Introduction

Neoadjuvant chemotherapy (NAC) is defined as the administration of chemotherapy to treat invasive breast cancer before local treatment (i.e. surgery). Although in breast cancer patients NAC was primarily used for treatment of locally advanced disease stages, its use has been extended to the treatment of early stage breast cancers in order to enable breast-conserving therapy for patients who would otherwise undergo mastectomy. In a large meta-analysis by Mauri et al., no significant differences in survival or overall disease progression was observed between patients receiving adjuvant or neoadjuvant chemotherapy [1].

Some physicians prefer NAC instead of the adjuvant chemotherapy because of the ability to assess tumour response in vivo. In this situation, reliable assessment of pathological tumour response to NAC is vital in order to select the most appropriate surgical plan. An imaging modality that could assess tumour response to NAC would be beneficial, providing it could detect any residual disease present. This could result in a surgical treatment plan more tailored to the individual patient. In addition, pathological complete response (pCR, i.e. the absence of any residual invasive tumour cells) on NAC has shown to be a prognostic factor for overall better survival, disease-free survival and recurrence-free survival [2]. In the future, this latter information might also guide further adjuvant treatment recommendations.

Many examinations have been proposed to evaluate residual disease and/or complete response to therapy (such as clinical examination, mammography and ultrasound), but their accuracy was only of modest degree [3]. Parallel to these findings, (contrast-enhanced) magnetic resonance imaging (MRI) of the breast proved to be superior to mammography and ultrasound with respect to assessing tumour extent, presence of additional foci (i.e. multifocality and/or multicentricity) and the presence of contralateral breast tumours [4, 5]. Therefore, MRI might be a promising imaging tool to assess therapy response in the NAC setting and for assessing pCR.

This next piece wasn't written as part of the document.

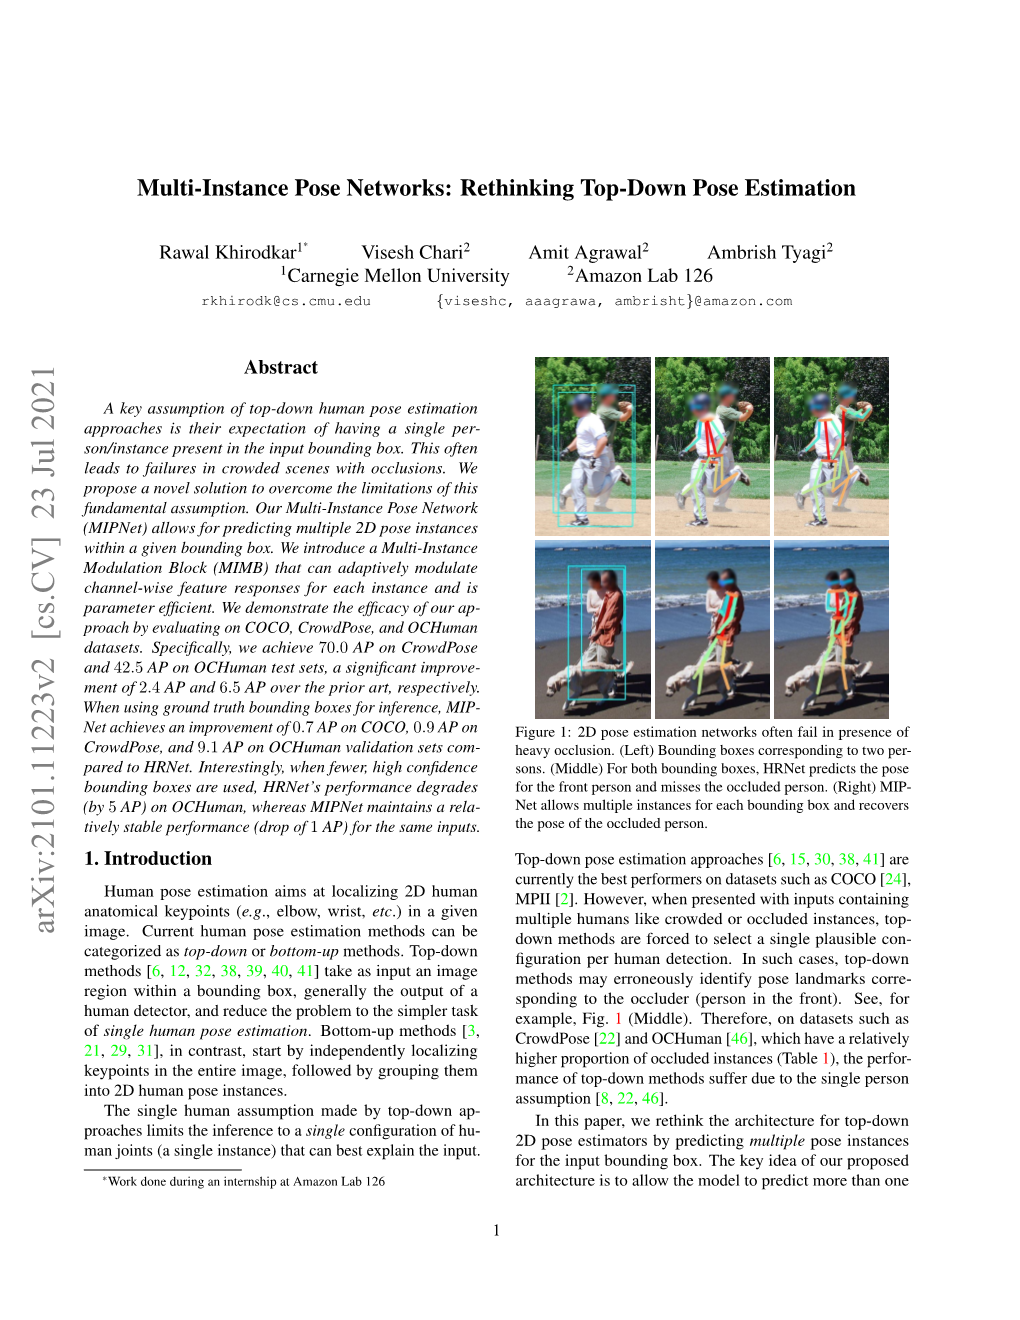 Multi-Hypothesis Pose Networks: Rethinking Top-Down Pose

Several reviews have been recently published that assessed the ability of breast MRI to predict pCR in patients receiving NAC [68]. However, pCR is only achieved by a minority of patients and as a consequence, the role of breast MRI in neoadjuvant chemotherapy was not investigated for a substantial number of patients that still have some degree of residual disease after treatment. In this systematic review, we aimed to address the role of breast MRI in assessing both residual disease extent and pCR after NAC in breast cancer patients. Our study purpose was to assess the role of magnetic resonance imaging (MRI) in the evaluation in all patients receiving neoadjuvant chemotherapy for invasive breast cancer.

Materials and methods

For this systematic review, Embase, the Cochrane library, MEDLINE and citations as provided by PubMed were searched until 1 July 2012, using the search terms breast, breast neoplasms, breast neoplasm, breast cancer, breast carcinoma and breast lesion combined with the search terms magnetic resonance imaging, MRI, MR mammography and neoadjuvant therapy, neoadjuvant chemotherapy, neoadjuvant systemic therapy, neoadjuvant, chemotherapy, primary therapy and initial therapy. Only original articles were considered for inclusion (i.e. no reviews, brief communications or letters to the editor). References of all retrieved articles were manually searched for additional relevant manuscripts. Studies found through these search terms were assessed for potential eligibility by reading the abstracts first and then applying inclusion and exclusion criteria.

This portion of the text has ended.